Hamlet: I couldn’t hurt my mother! (Could I, though?) (3.2.383-389) #InkyCloak #SlowShakespeare

HAMLET         O heart, lose not thy nature. Let not ever

The soul of Nero enter this firm bosom –

Let me be cruel, not unnatural:

I will speak daggers to her but use none.

My tongue and soul in this be hypocrites.

How in my words somever she be shent

To give them seals never my soul consent.
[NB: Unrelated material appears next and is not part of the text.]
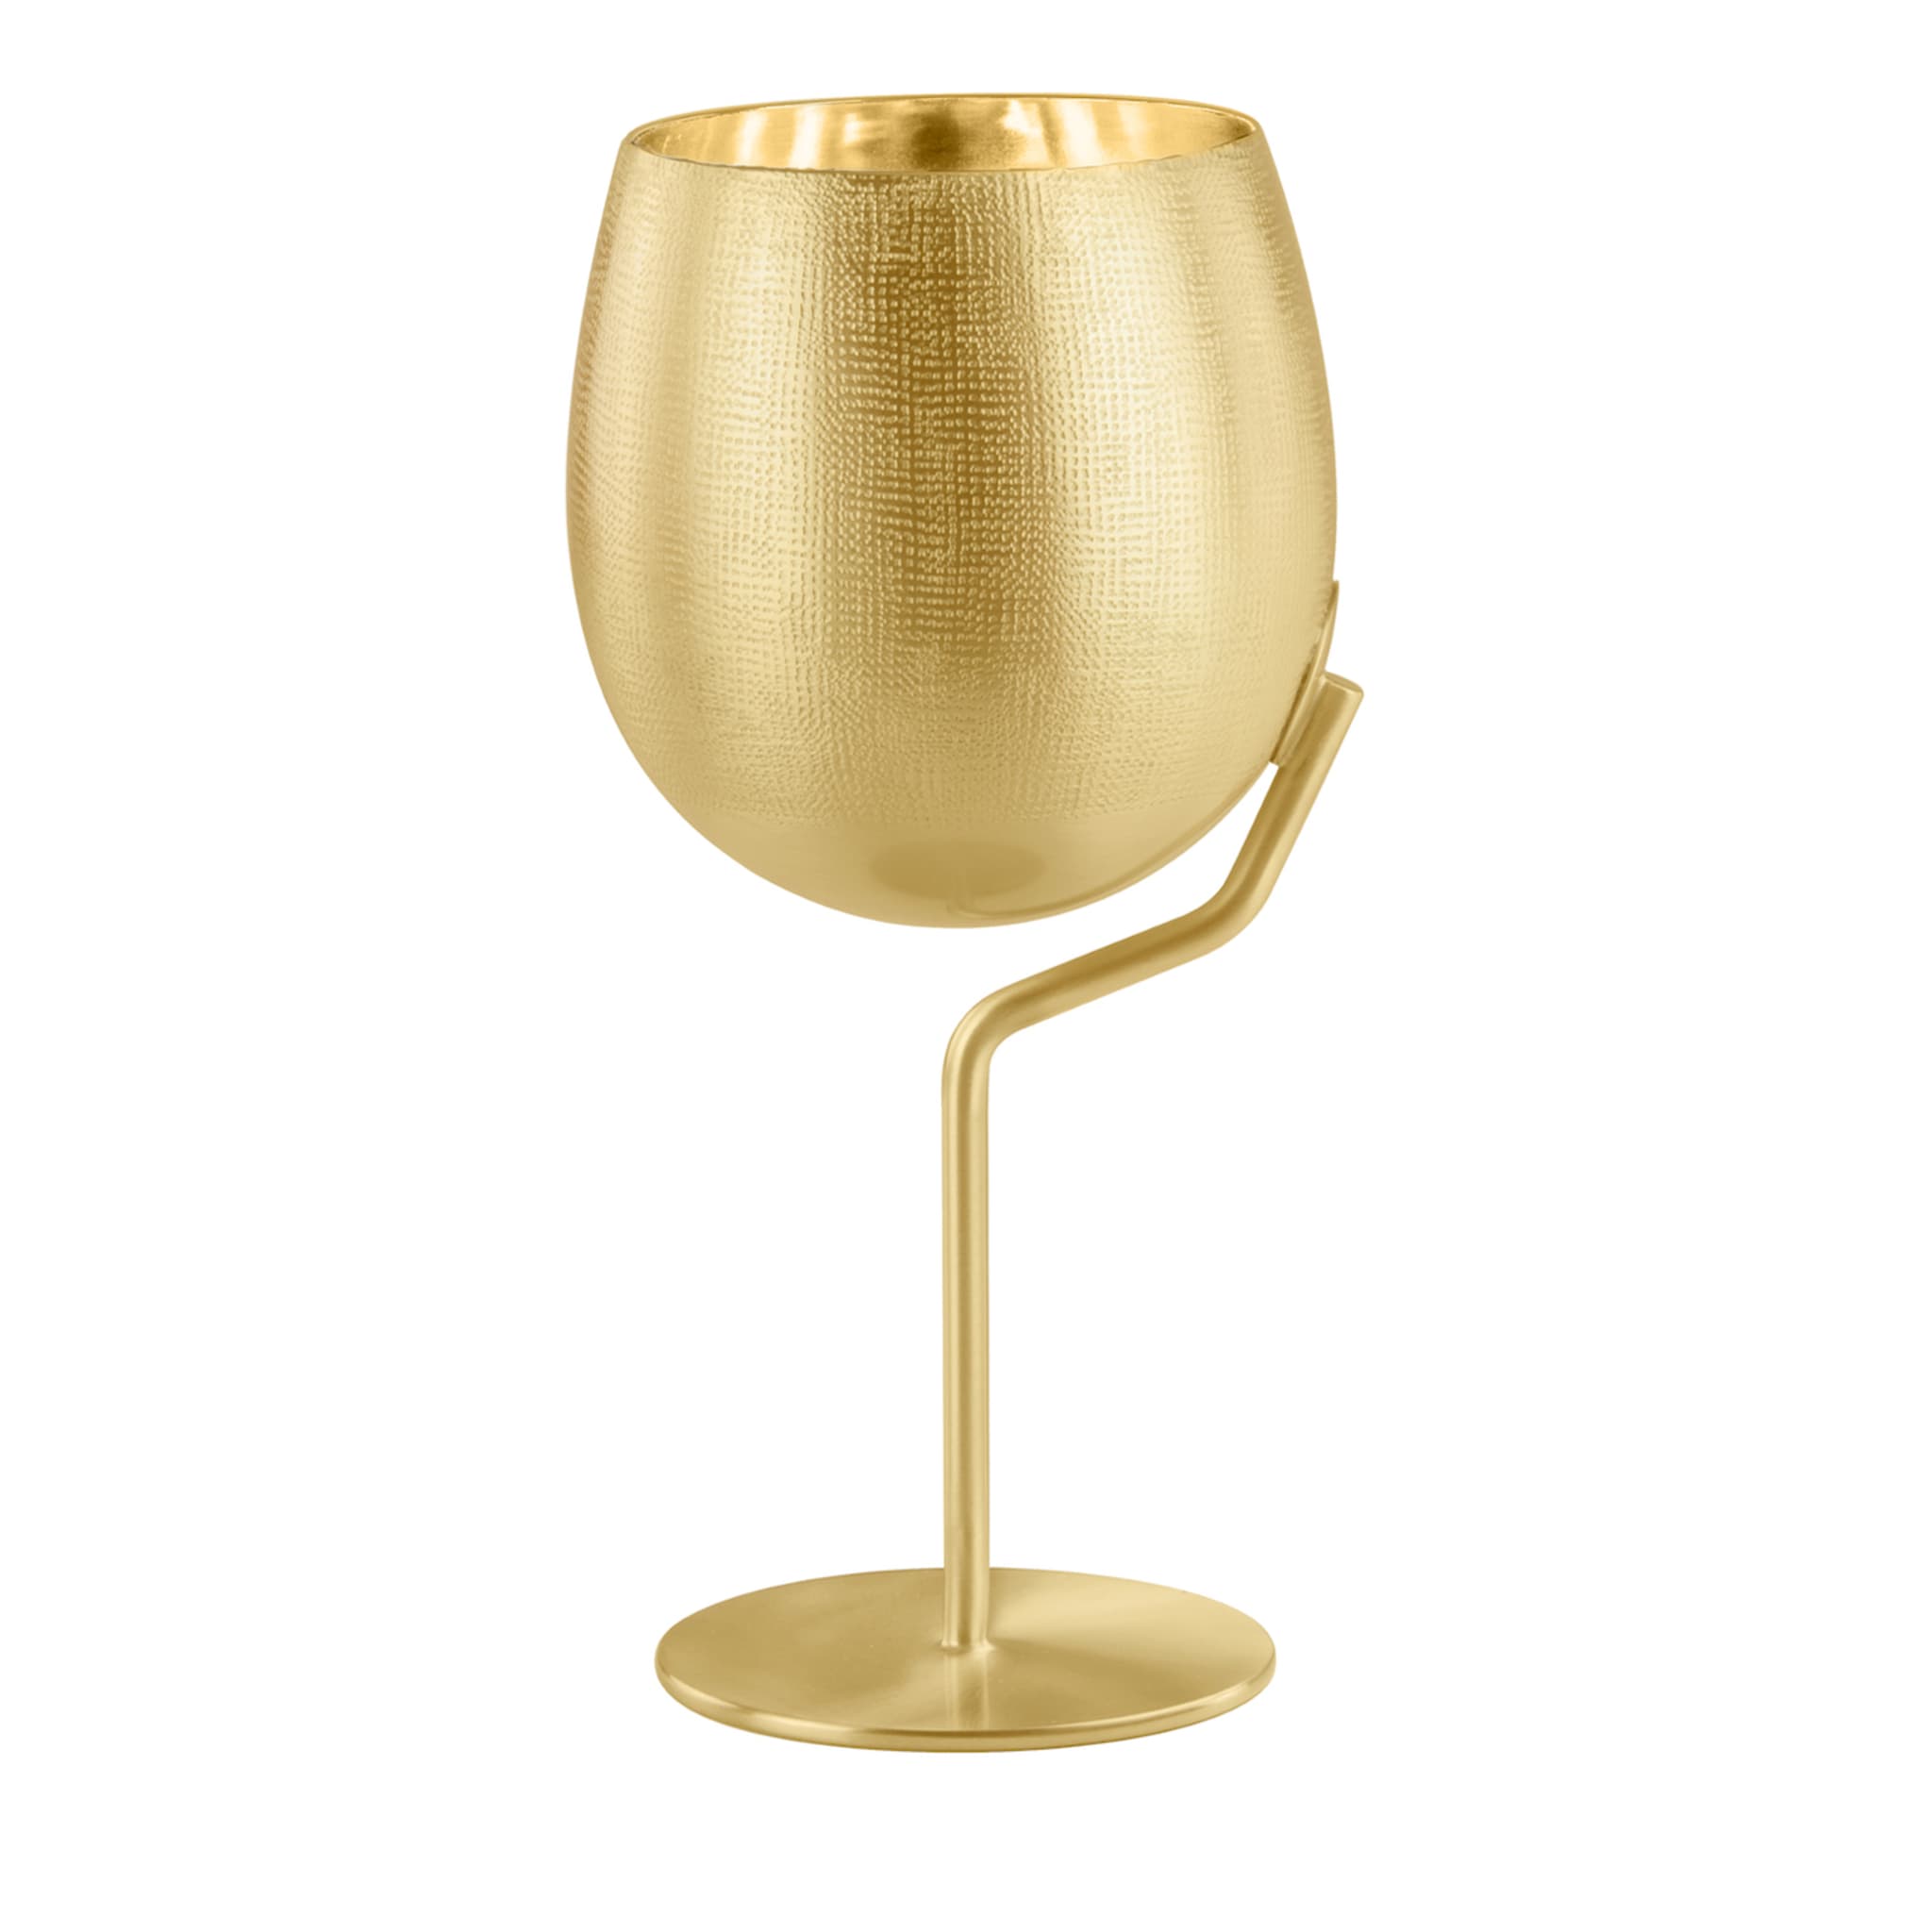 Velvet 1 Gold Plated Wine glass - Main view

(Exit.)              (3.2.383-389)

Hamlet knows he’s on the verge of losing control: O heart, lose not thy nature. Don’t go too far; don’t forget that, despite everything, she’s your mother, and you love her. Let not ever the soul of Nero enter this firm bosom—let me be cruel, not unnatural. The Roman emperor Nero had his mother murdered, then—according to legend—ripped open her womb to see where he himself had come from; Nero is the archetype of the murderous, crazed, unnatural son (but also, again, an invocation of wanting to probe, to search, to know the ultimately unknowable, here in grotesquely horrifying terms). I’m resolute, firm, Hamlet says, even hard-hearted, but even though I’m planning to speak harshly to her, I’m not actually going to hurt her. I’m not. NO. He might be having to say this out loud to reassure himself, as a kind of affirmation, or admonition. (Because he knows it’s a possibility, he’s so wound up.) I will speak daggers to her but use none. I’ll be harsh, violent, penetrating in my words—but I wouldn’t hurt my mother? (Would I? Could I?)

My tongue and soul in this be hypocrites: no matter what I want to do to her, I’ll confine myself to words. (Or else, perhaps, I’m going to say things, and say them in ways, that I don’t really mean.) How in my words somever she be shent to give them seals never my soul consent. Whatever I say to her, however fierce my reproaches and rebukes, I’m not going to harm her. I’m resolved on that. I couldn’t. (Could I?)

And that’s the end of the scene. For all that this play—and perhaps this scene—is cut in performance, to contemplate Hamlet’s words, line by line, the sheer volume and variety, the agility and the agony, is a LOT. Actors, you have this critic’s admiration in even contemplating it.